> **Task details**
The answer is the exact run of lines in the listing below from the line containing "Pouzdro na mobil" up to and including the line containing "Проверка домена Koinknight", with pictures removed.

> **Given data**
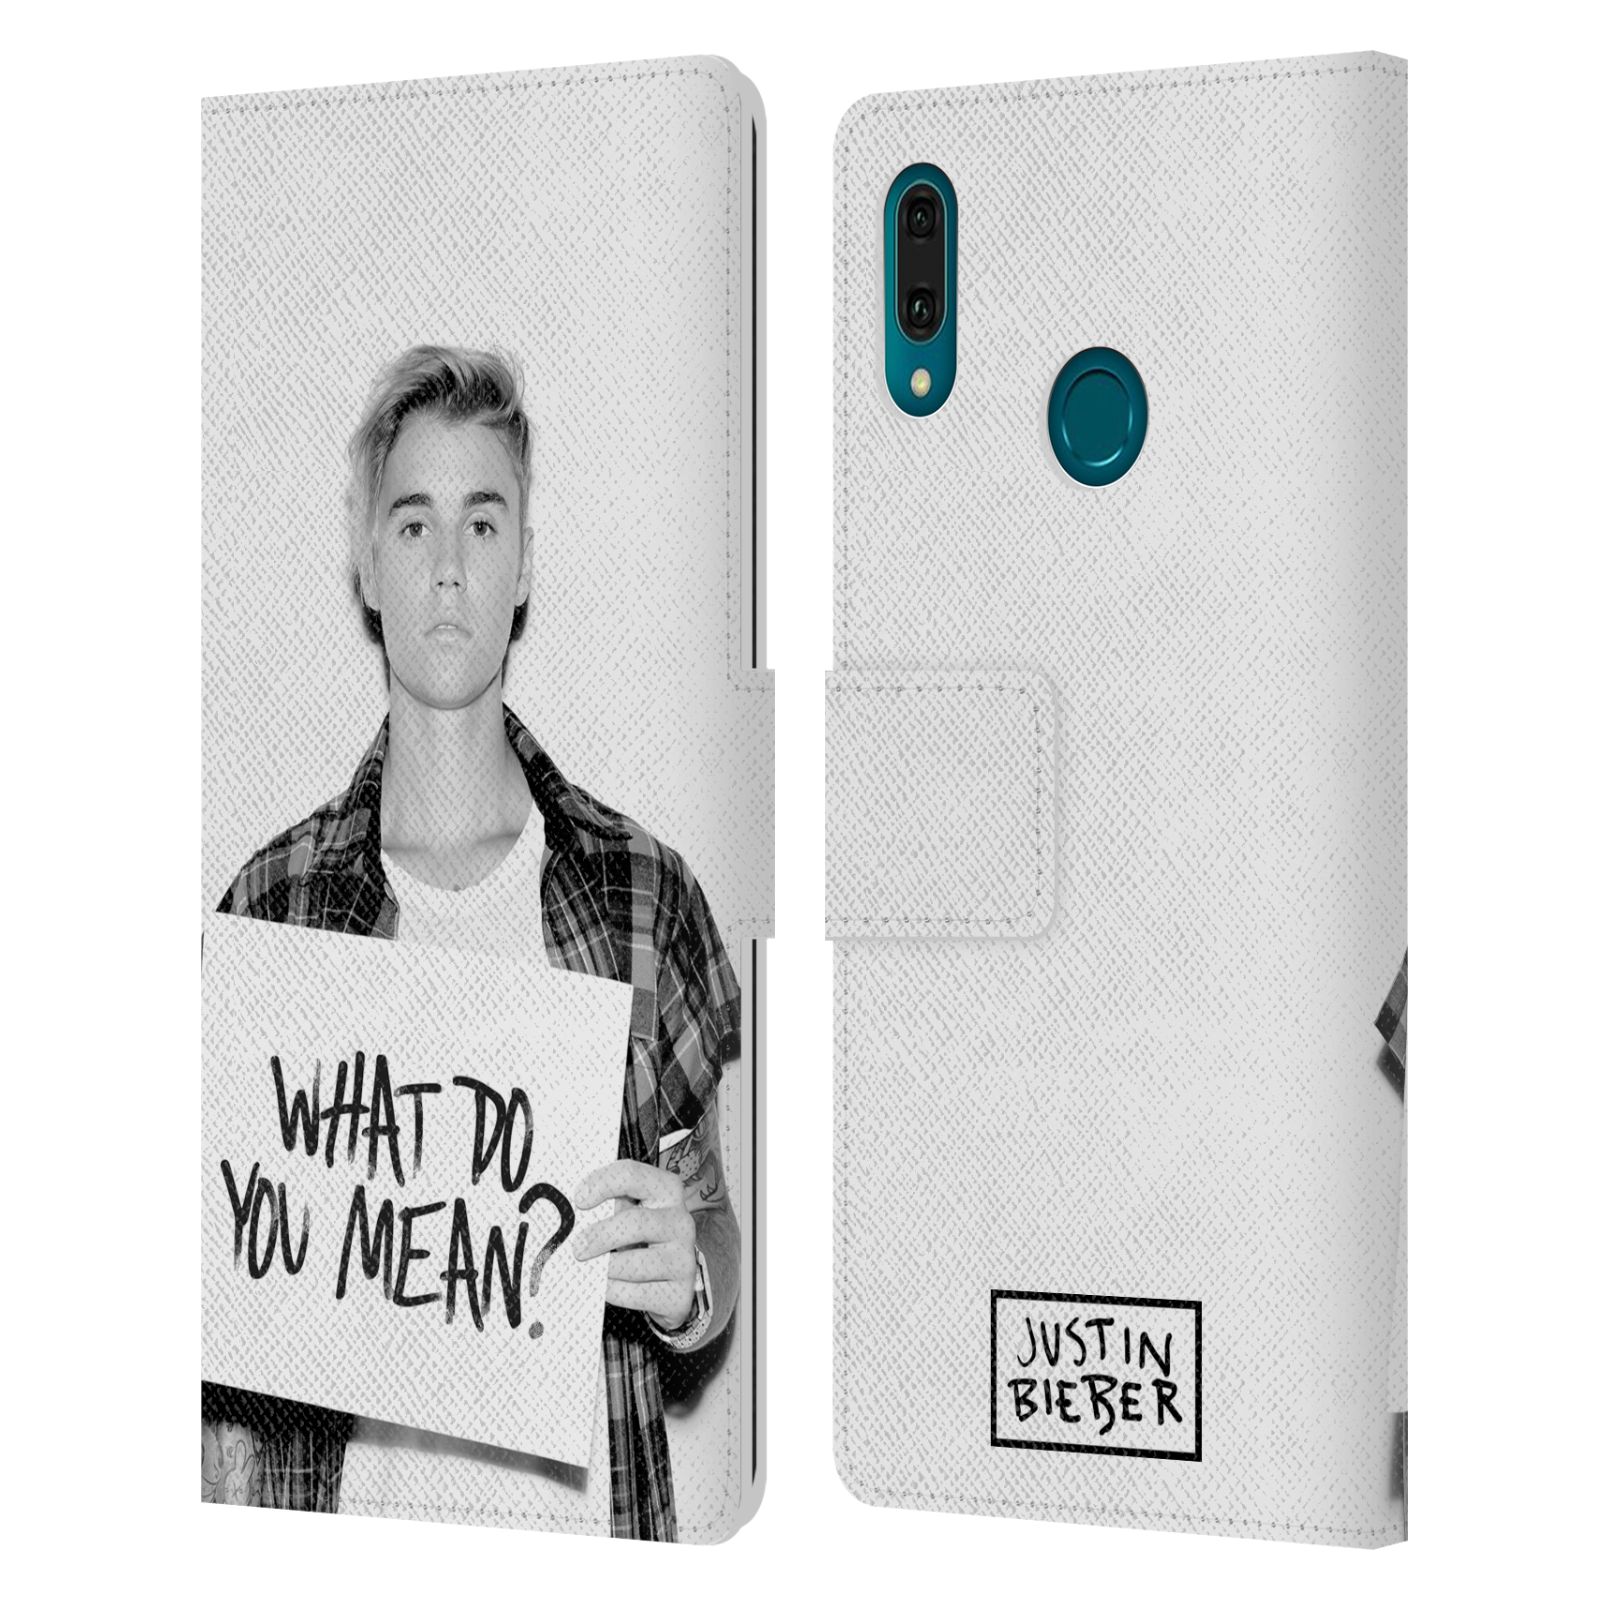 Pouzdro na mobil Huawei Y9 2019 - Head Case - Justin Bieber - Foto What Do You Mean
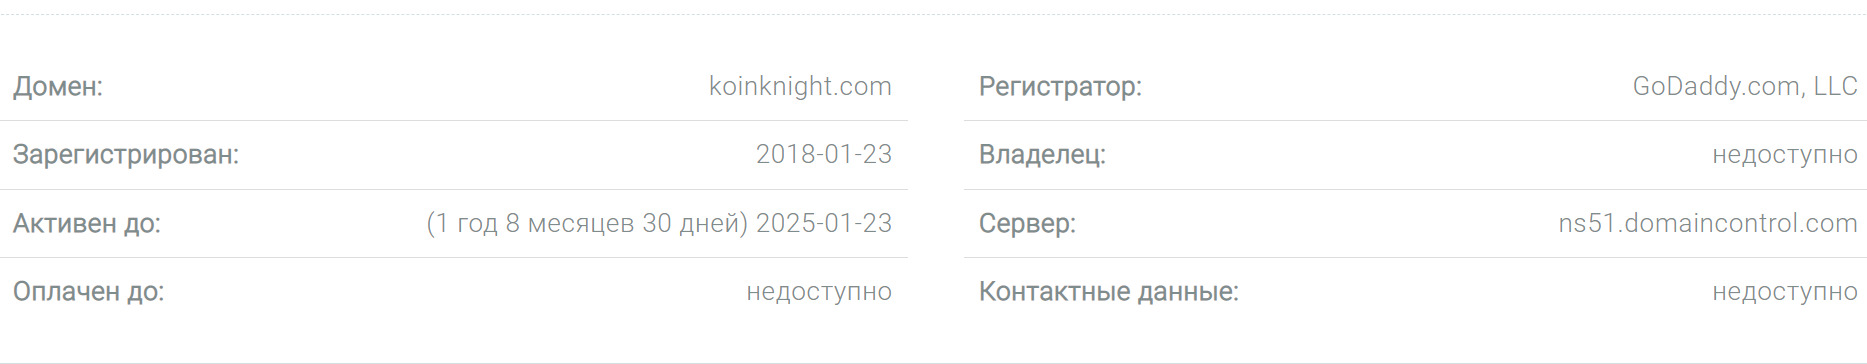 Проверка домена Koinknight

---

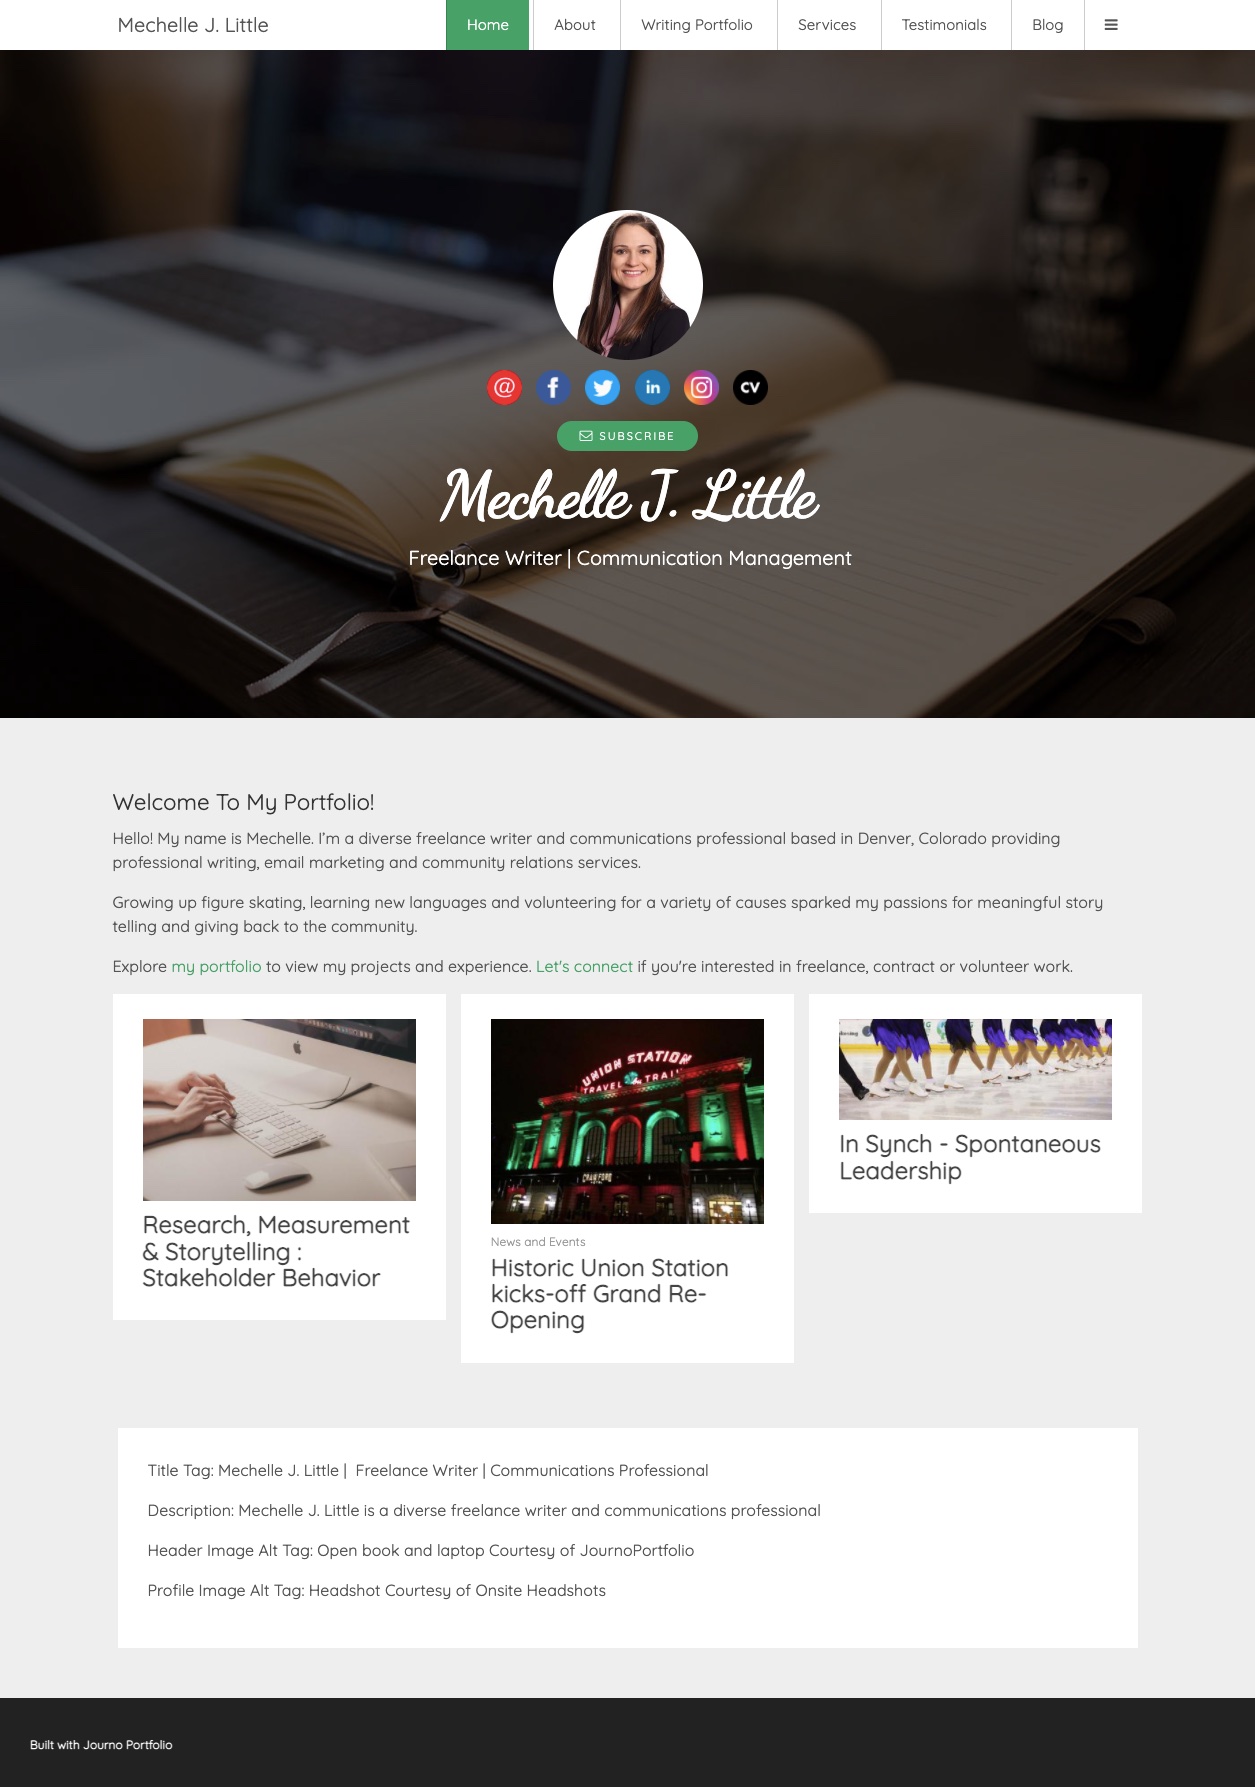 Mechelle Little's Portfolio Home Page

...

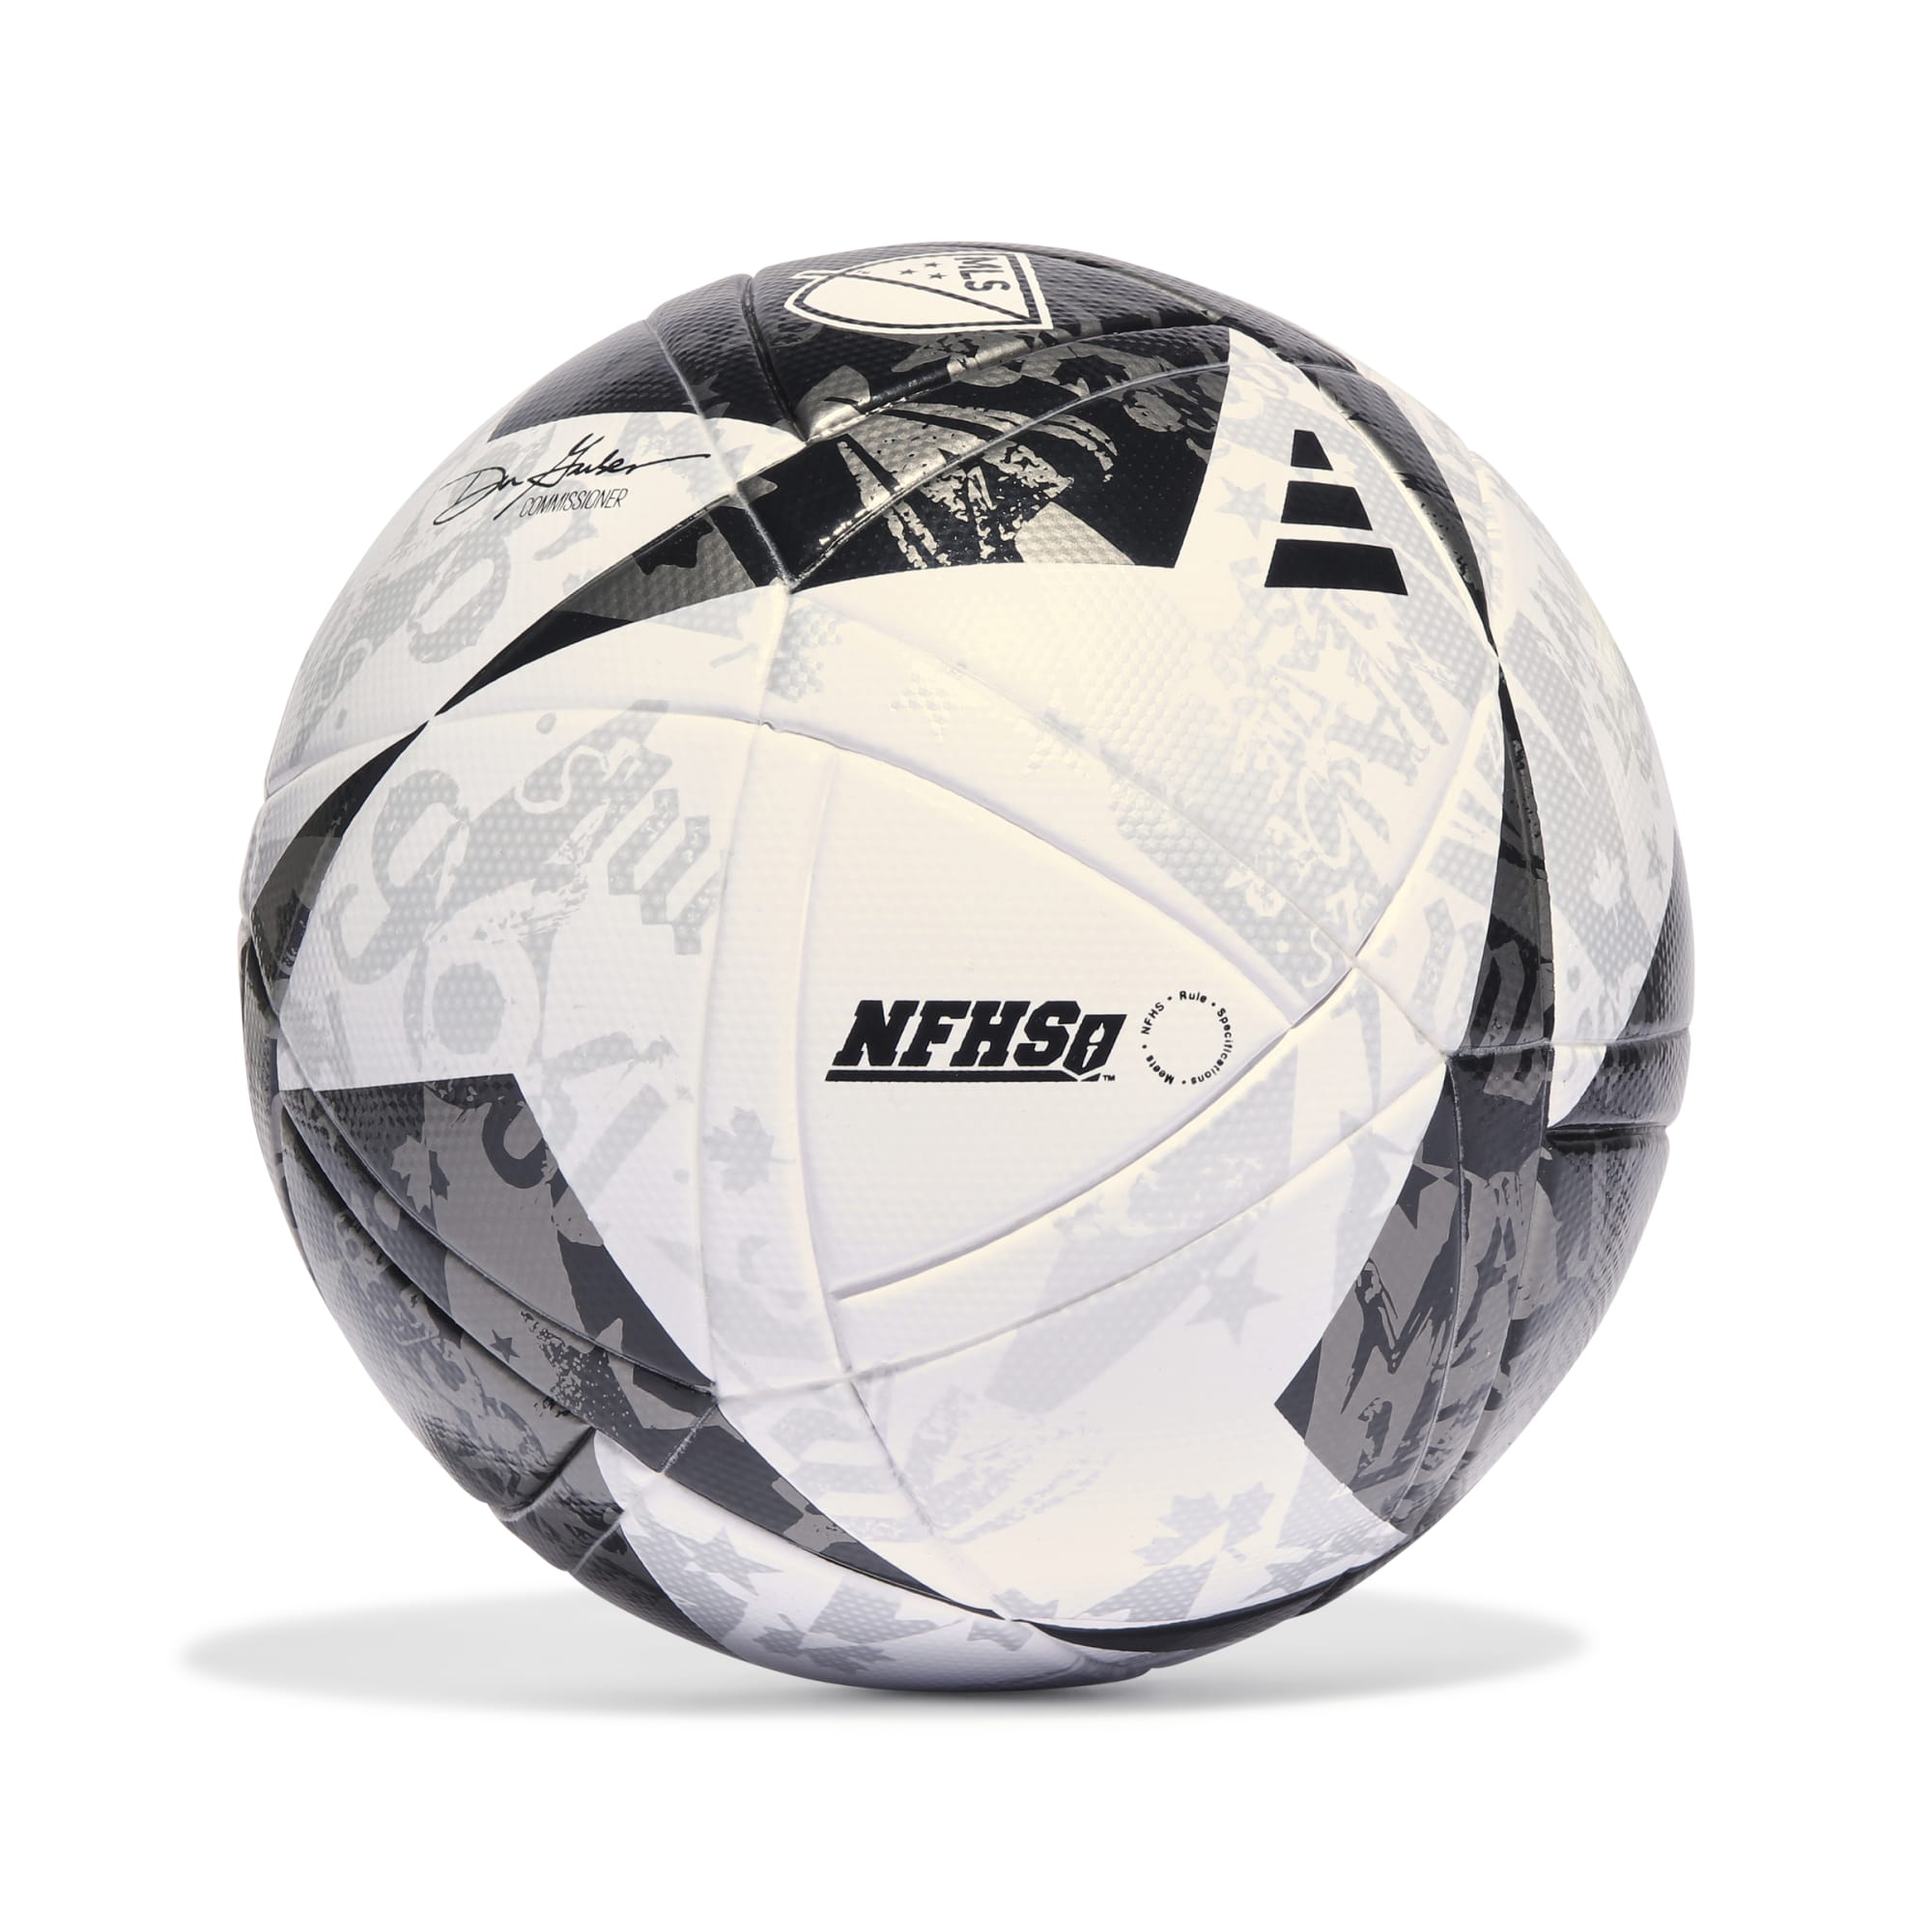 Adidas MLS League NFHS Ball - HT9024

> **Exercise answer**
 Pouzdro na mobil Huawei Y9 2019 - Head Case - Justin Bieber - Foto What Do You Mean
 Проверка домена Koinknight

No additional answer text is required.